Silas exhaled, a long, shuddering breath. The black veins on his neck faded. The pale light in his eyes dimmed back to a normal gray. He rolled his shoulders, a wet crack echoing from his joints.
"Cardio," Silas muttered, wiping a trickle of blood from his nose. "Hate cardio."
He looked back at the Masked Man.
The Masked Man hadn't moved. He hadn't drawn his weapon. He stood with his arms loose at his sides, watching the display with the same clinical detachment he had shown the dying man in the basement. He was unimpressed by the spectacle, only interested in the result.
"Showy," the Masked Man said.
"Effective," Silas countered, leaning back against the rusted sedan, though he looked paler now. "That was the heavy cavalry. You would have wasted ammunition."
"I would have used six bullets."
"And I used none." Silas smiled, though it looked painful. "We make a good team. My connection to the Veil, your... terrifying precision. Think of what we could dismantle."

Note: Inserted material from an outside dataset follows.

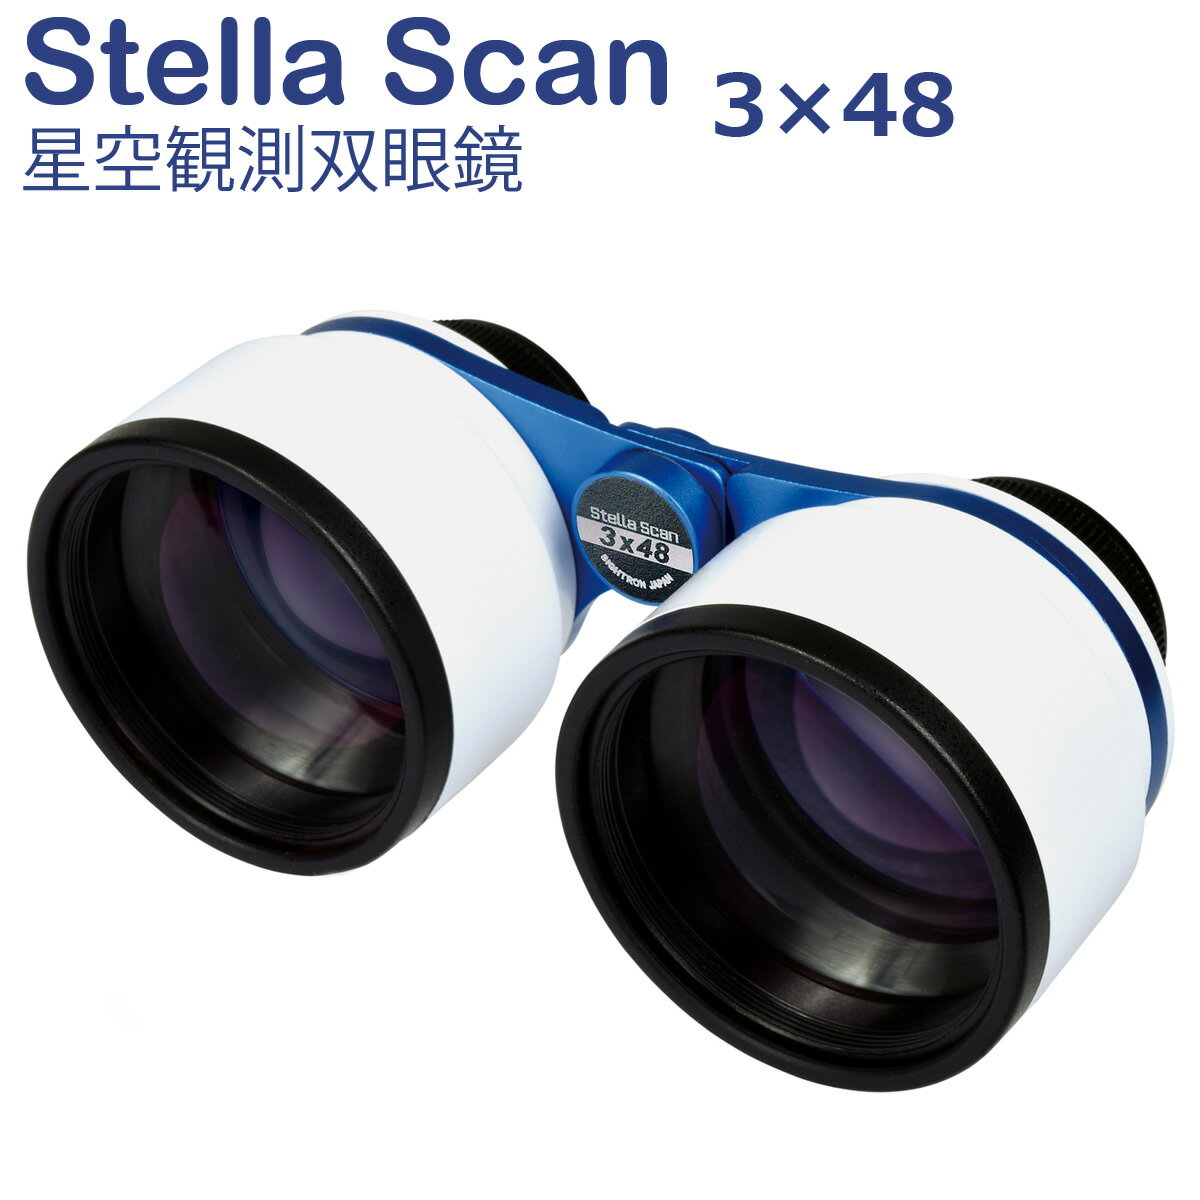 双眼鏡 天体観測 星空観測 オペラグラス STELLA SCAN ステラスキャン 3倍 48mm SIGHTRON サイトロン 軽量 コンパクト…

The Masked Man walked past him.
As he passed, the air grew colder. The Masked Man stopped, shoulder to shoulder with the occultist, but looking straight ahead into the dark road leading back to the city.
"You rely on a tenant in your own body," the Masked Man said quietly. "You borrow power. I build mine. When that thing inside you decides it wants more rent, you'll be the one in the chair."
Silas's smile faltered slightly. "I have it under control. The binding is absolute."
"Nothing is absolute," the Masked Man replied. "Except death."
He began to walk away, his silhouette merging with the shadows of the scrapyard.
"Wait!" Silas called out, pushing off the car. "The Syndicate is moving shipments through the port tomorrow. Artifacts. Cursed ones. You can't shoot a curse, friend. You need me."
The Masked Man didn't stop. He didn't turn. He simply raised a hand, a dismissive wave that was both an acknowledgment and a rejection.
"Stay out of my way, Silas," his voice drifted back, calm and final. "Or I'll exorcise you myself."
Silas watched him vanish into the night. He pulled the silver lighter from his pocket, flicking it open. The flame danced, turning blue for a split second before settling into orange.
"He likes us," a raspy voice whispered from the back of Silas's mind.
"Shut up," Silas murmured to himself, lighting a cigarette. He looked at the crushed truck, then at the empty road. "He definitely likes us."